** Record set **

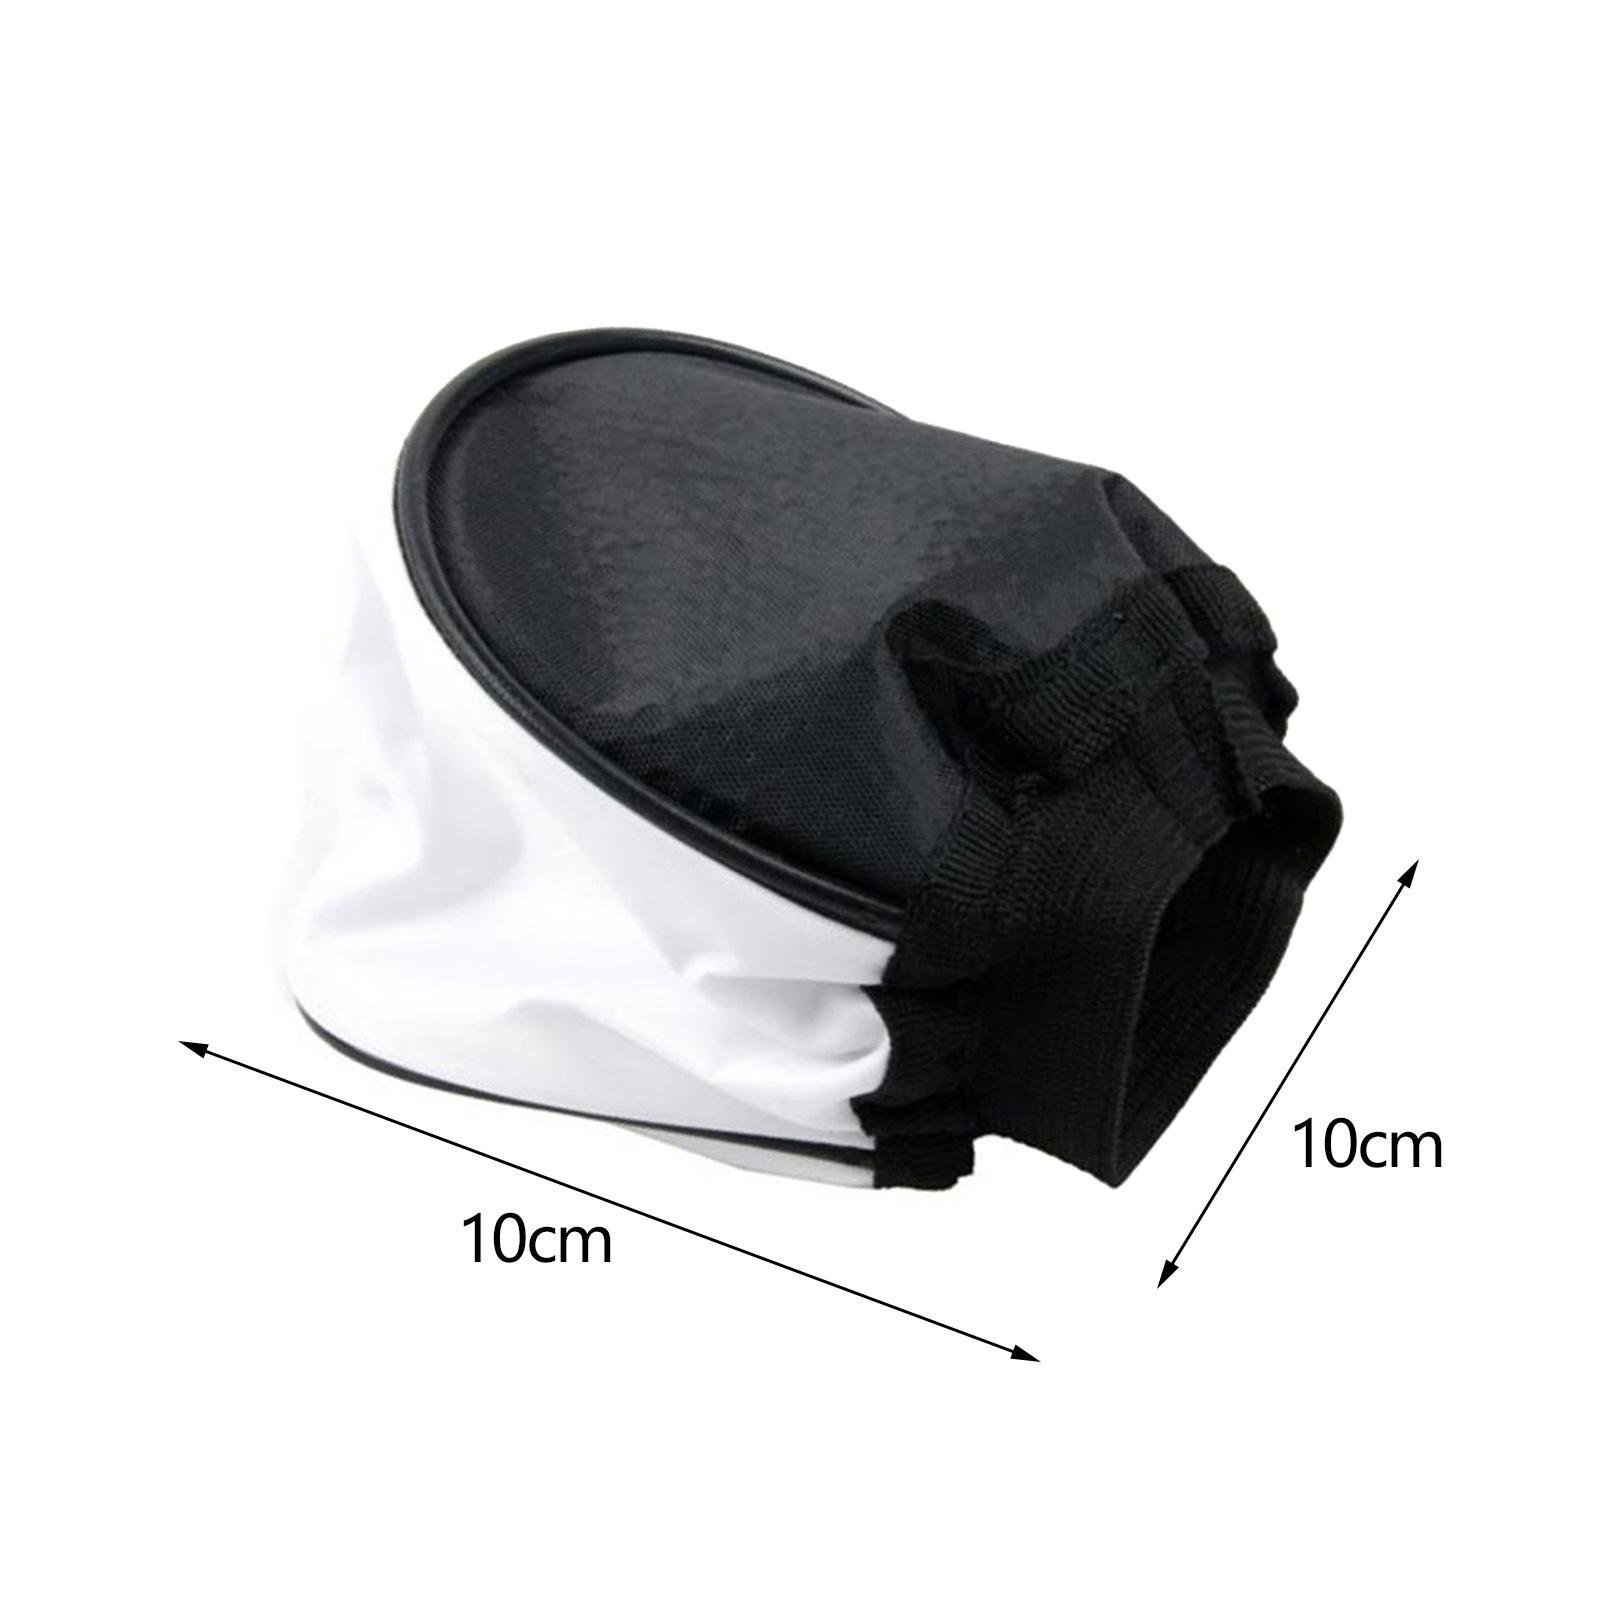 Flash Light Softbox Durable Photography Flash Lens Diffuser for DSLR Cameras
...
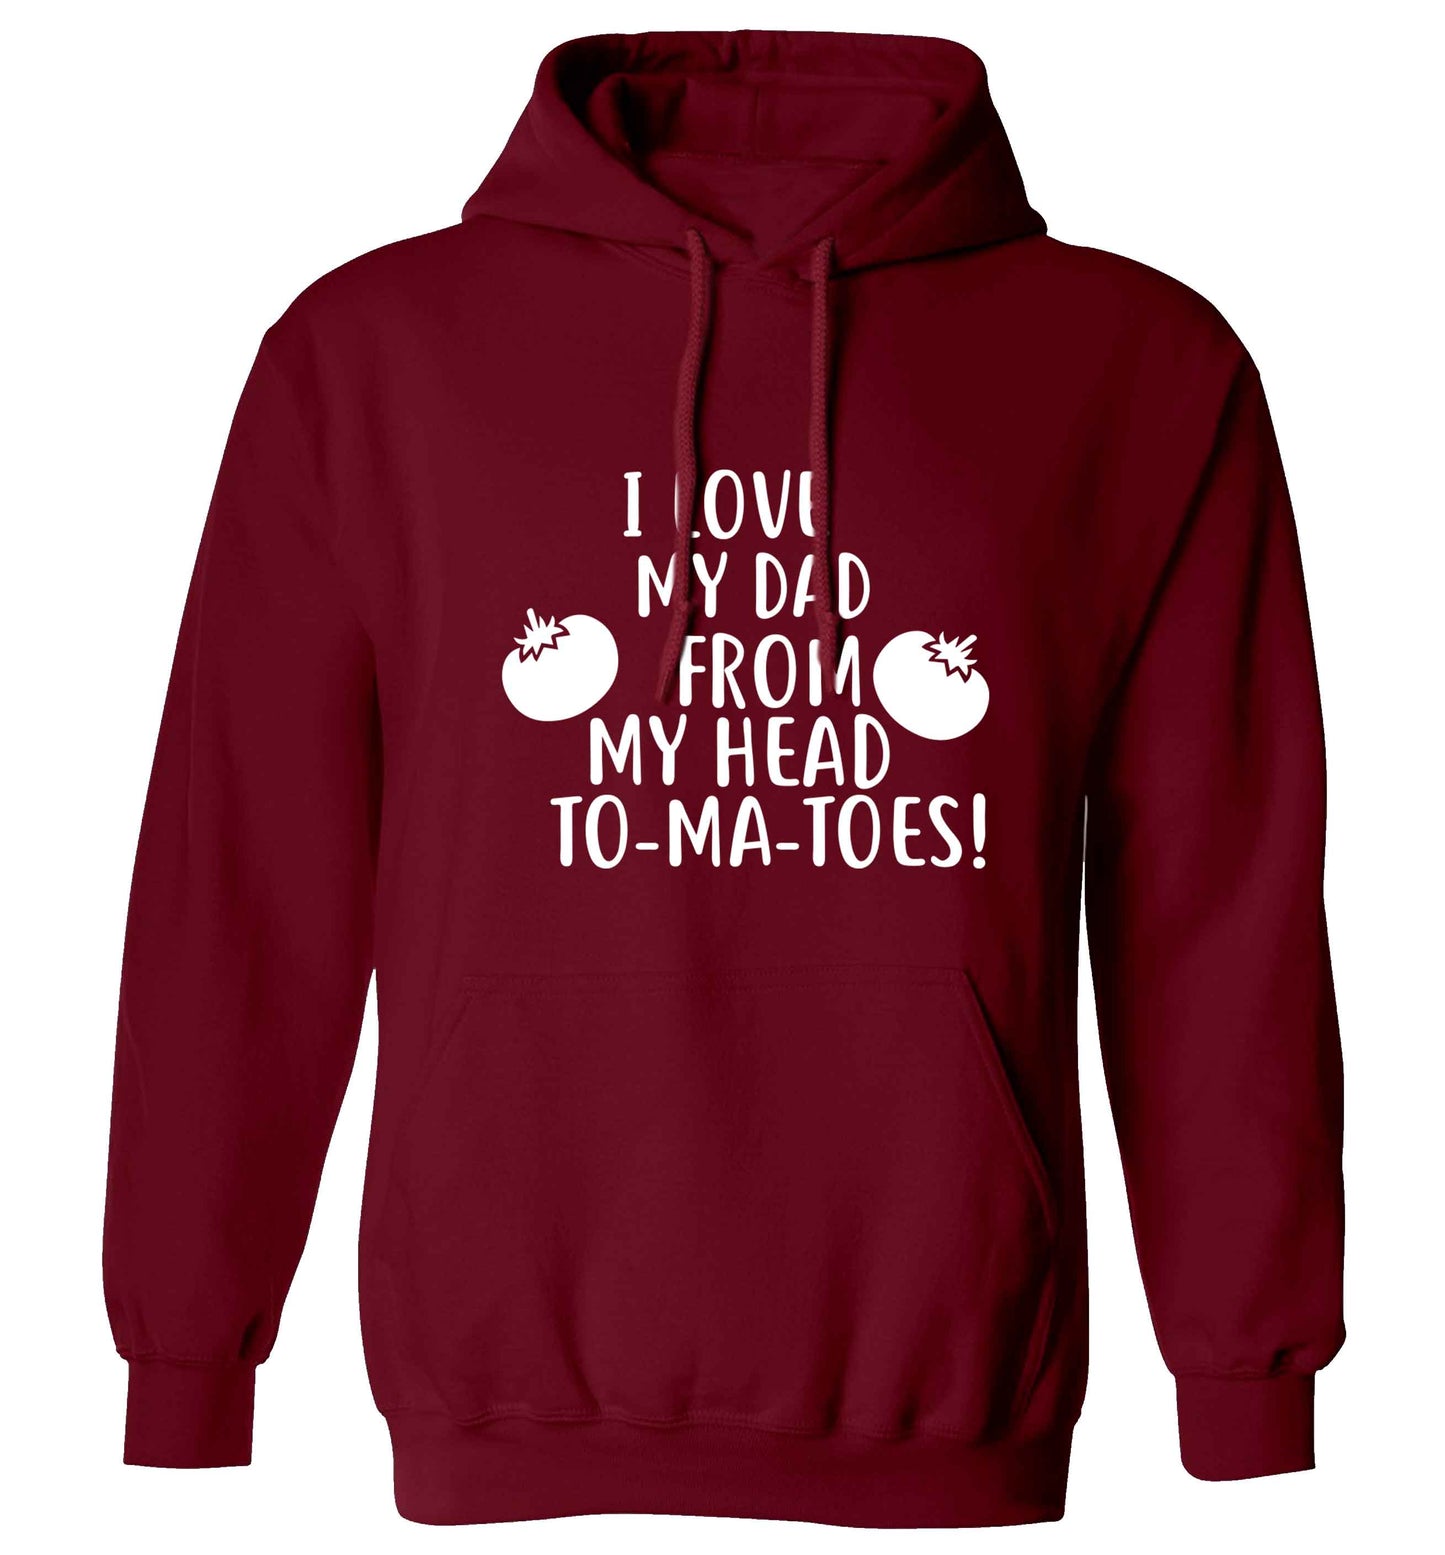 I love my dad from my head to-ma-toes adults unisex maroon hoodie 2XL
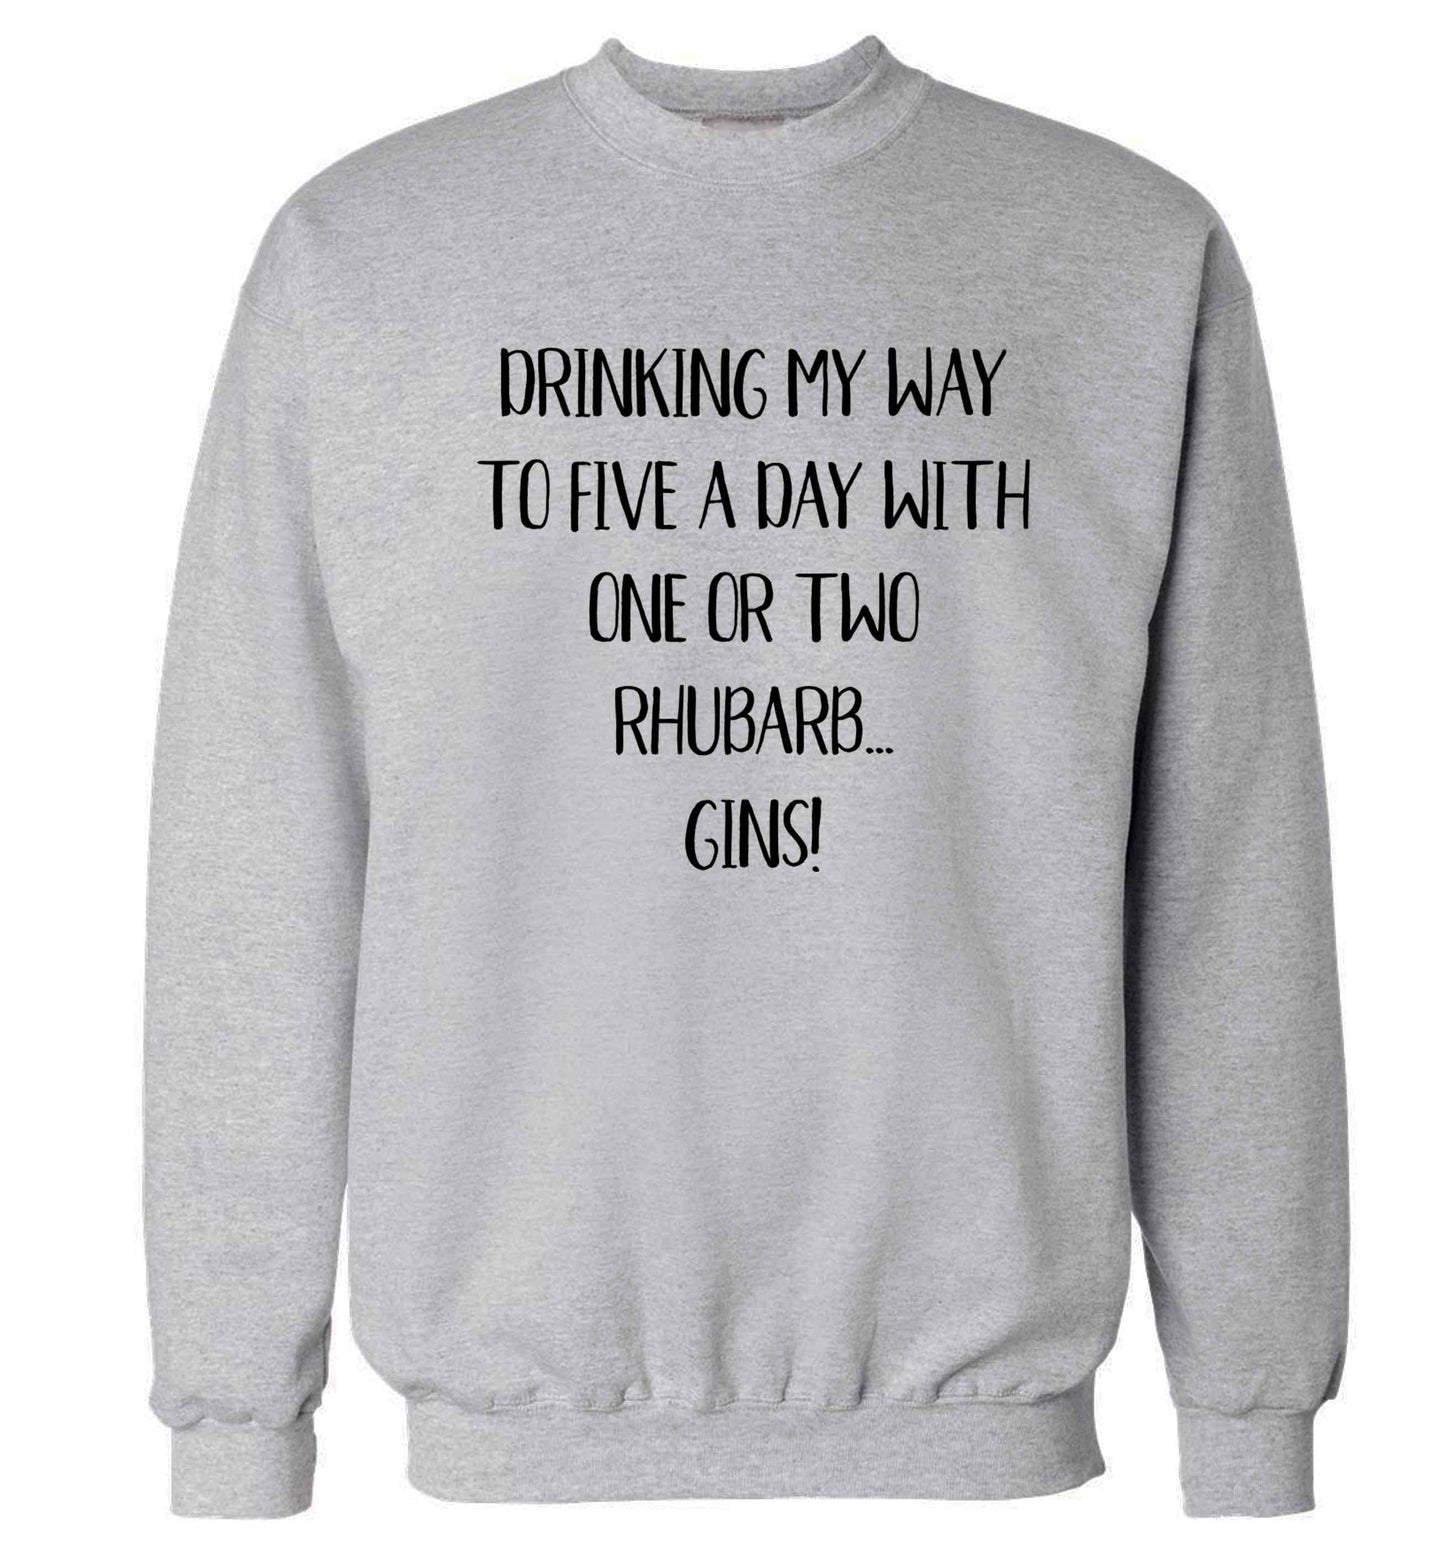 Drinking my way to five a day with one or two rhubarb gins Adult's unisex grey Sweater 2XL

** Task directions **
In the data above, find the line with "I love my dad" and the line with "Drinking my way". Please copy exactly those two lines and every line between them, but not the pictures.

** Reply to the exercise **
 I love my dad from my head to-ma-toes adults unisex maroon hoodie 2XL
 Drinking my way to five a day with one or two rhubarb gins Adult's unisex grey Sweater 2XL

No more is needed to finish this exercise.